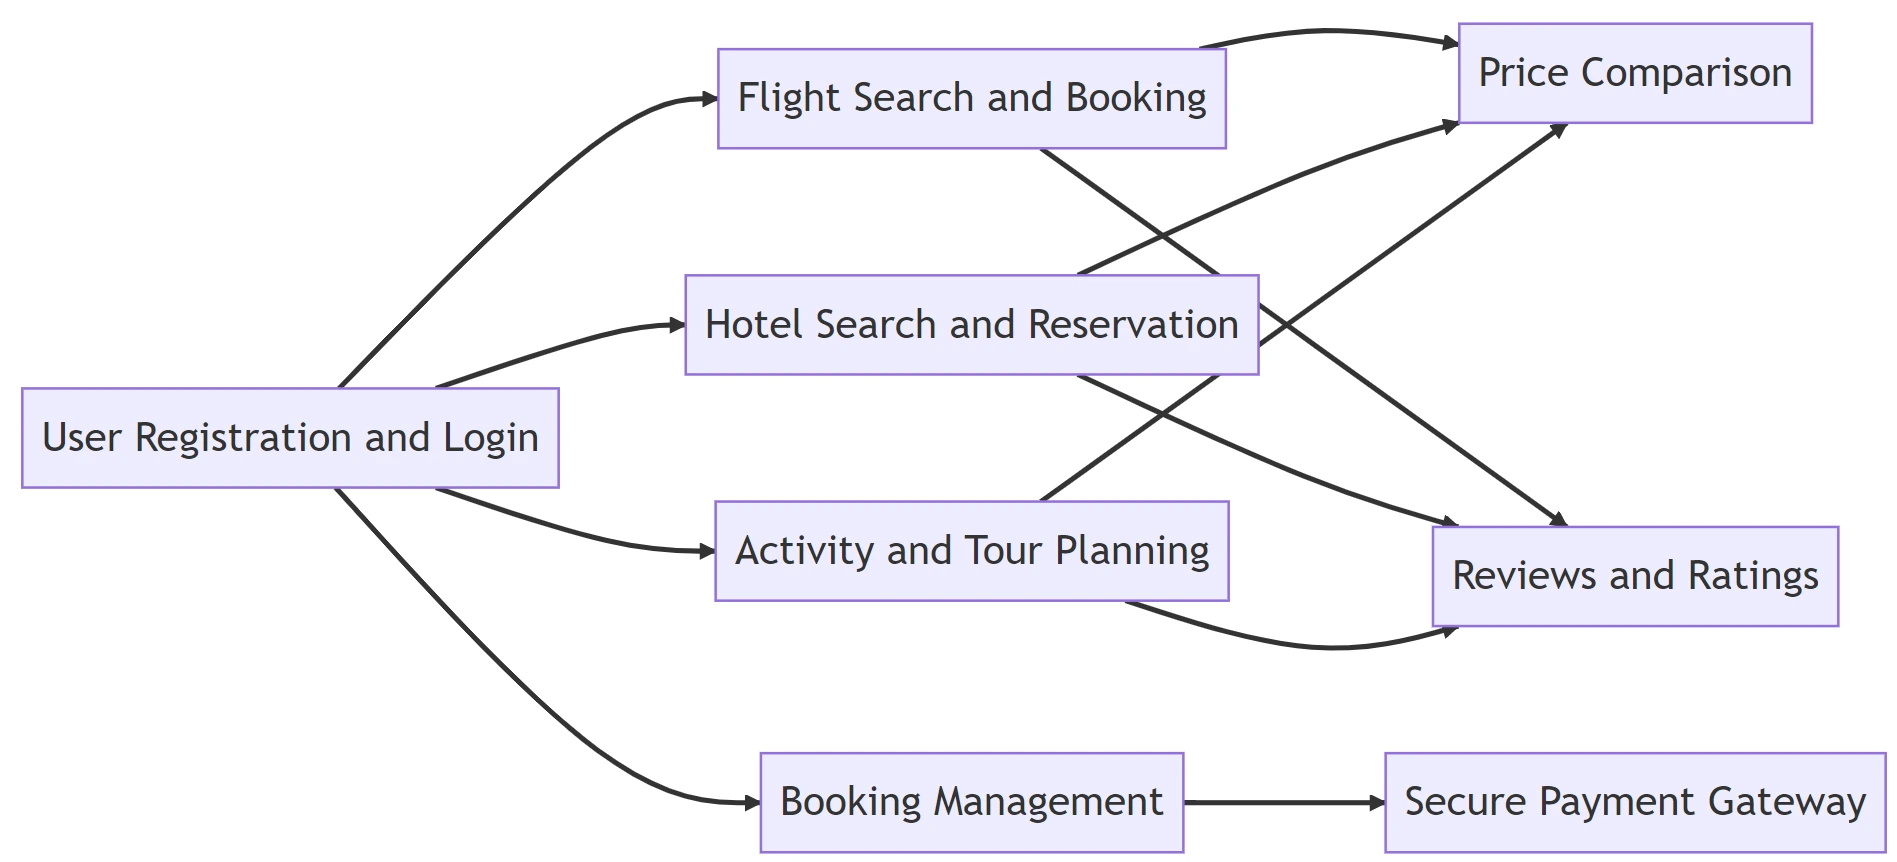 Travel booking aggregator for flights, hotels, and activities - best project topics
------
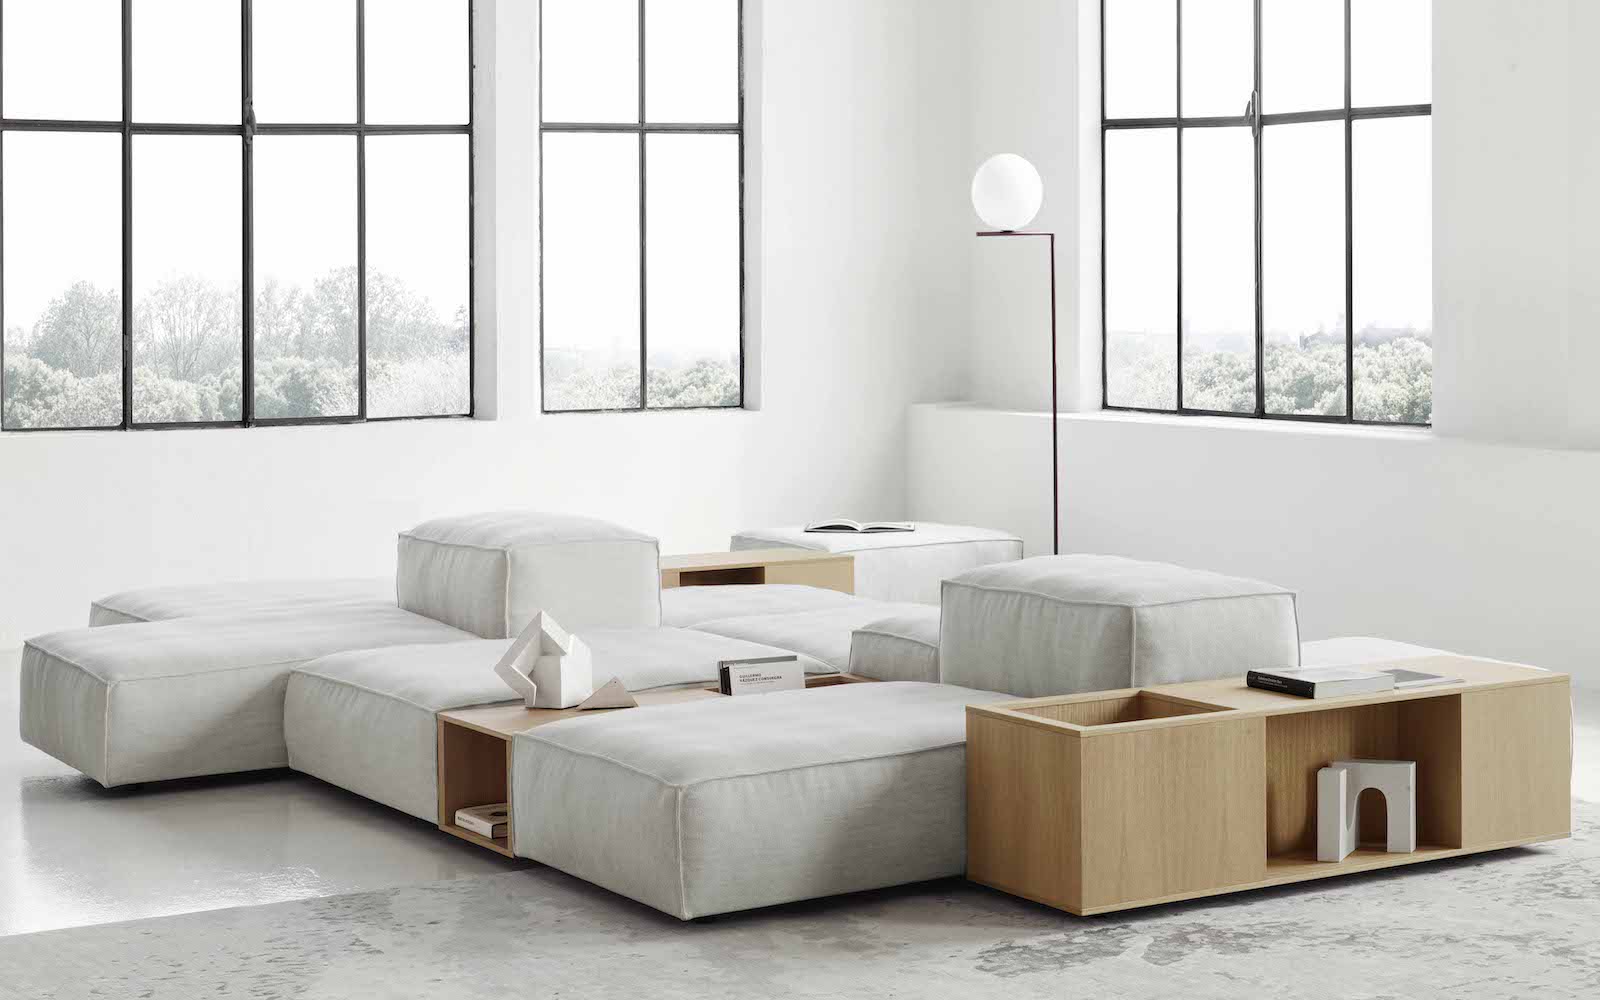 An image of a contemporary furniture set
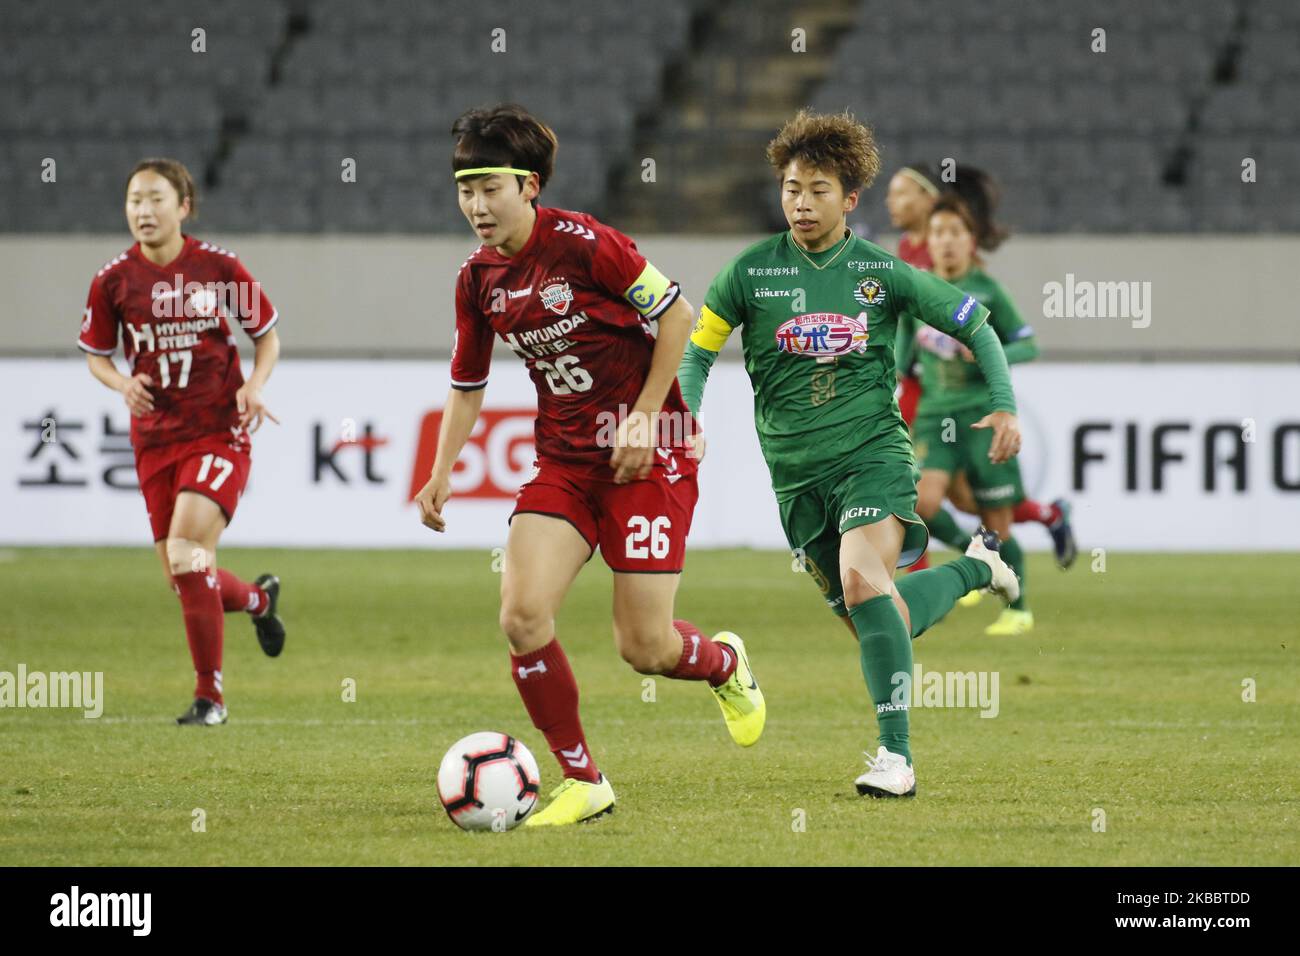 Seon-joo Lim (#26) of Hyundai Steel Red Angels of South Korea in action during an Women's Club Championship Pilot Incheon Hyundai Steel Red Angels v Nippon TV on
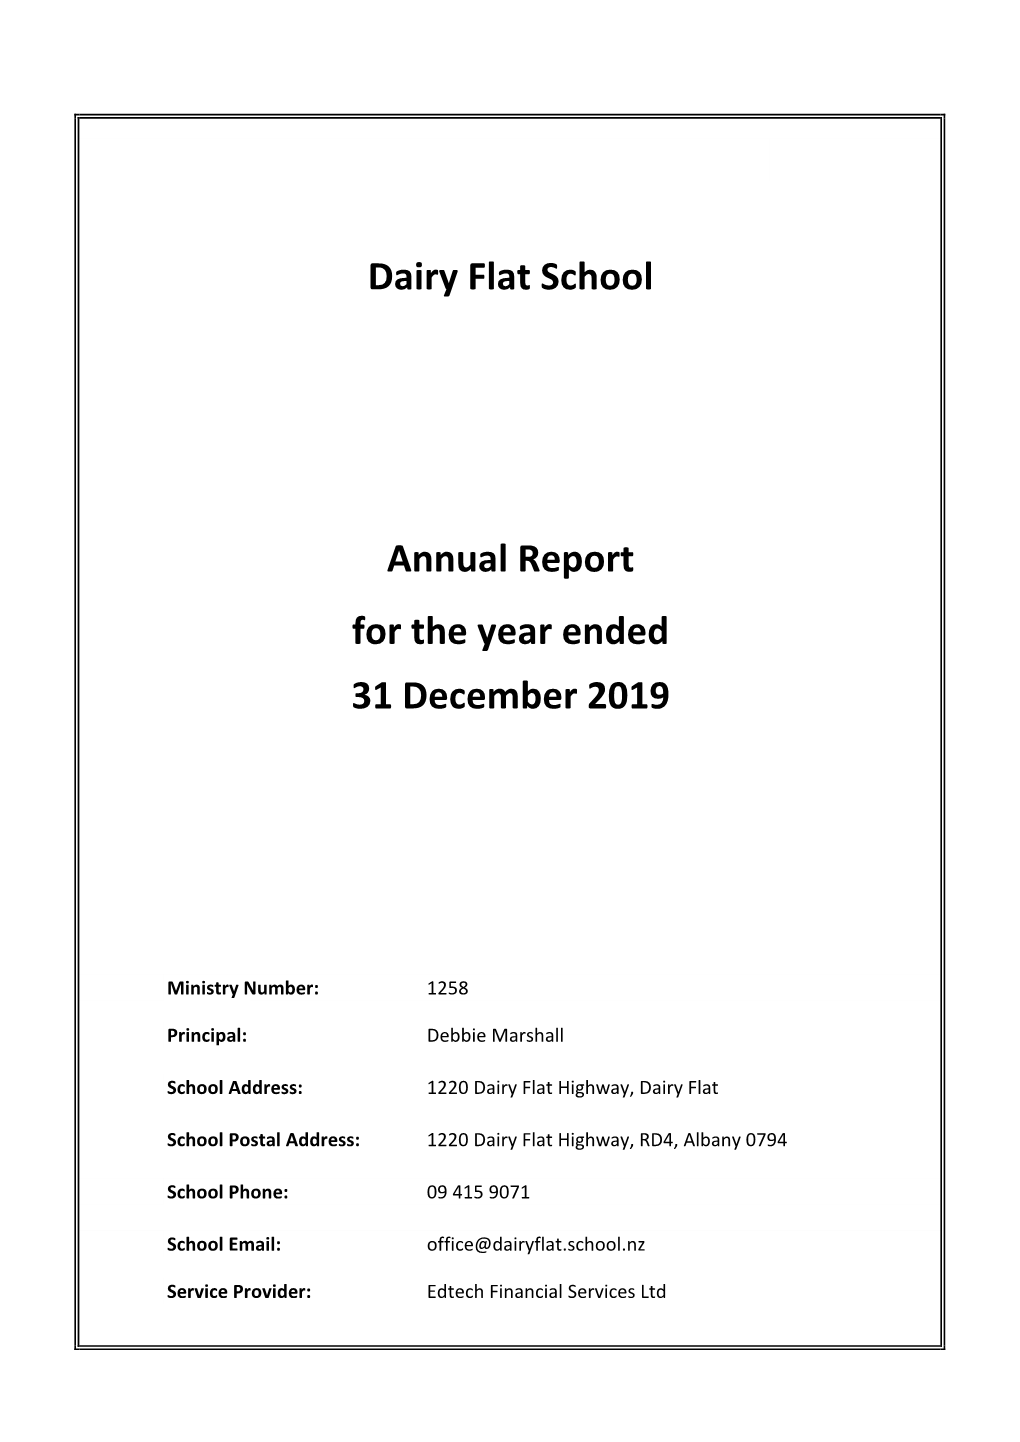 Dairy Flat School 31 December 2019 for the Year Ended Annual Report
------
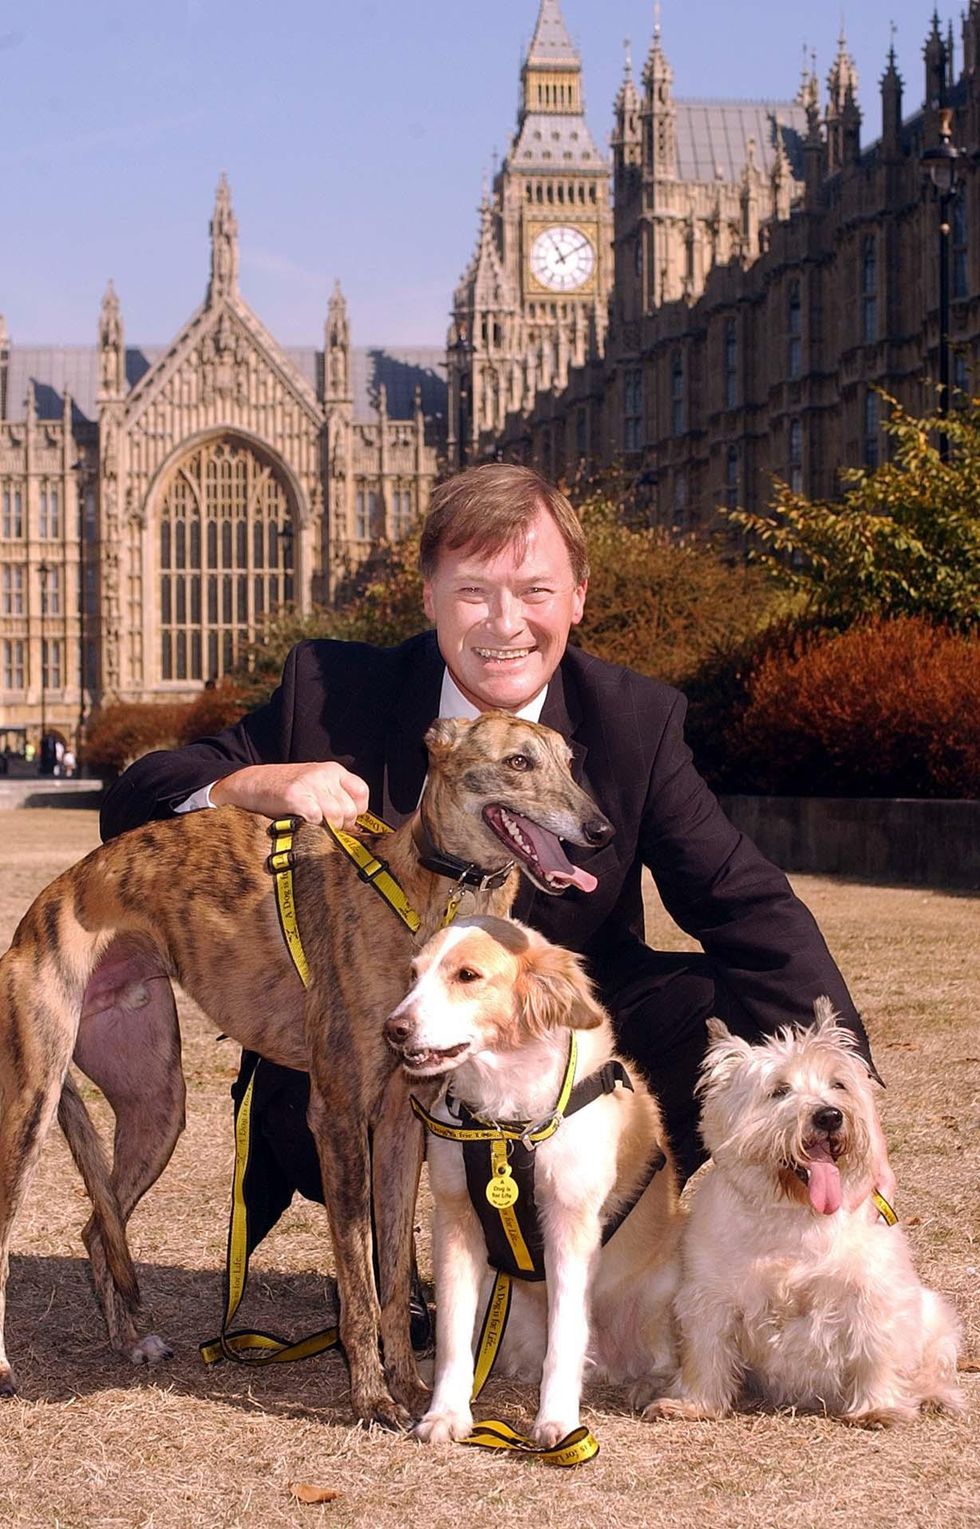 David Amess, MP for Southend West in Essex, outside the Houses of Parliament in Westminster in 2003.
------
Using the records above, return word for word the lines that begin at the one containing "Seon-joo Lim (#26)" and end at the one containing "Dairy Flat School", both of them included and no pictures.

[FINISHED EXERCISE]:
 Seon-joo Lim (#26) of Hyundai Steel Red Angels of South Korea in action during an Women's Club Championship Pilot Incheon Hyundai Steel Red Angels v Nippon TV on
 Dairy Flat School 31 December 2019 for the Year Ended Annual Report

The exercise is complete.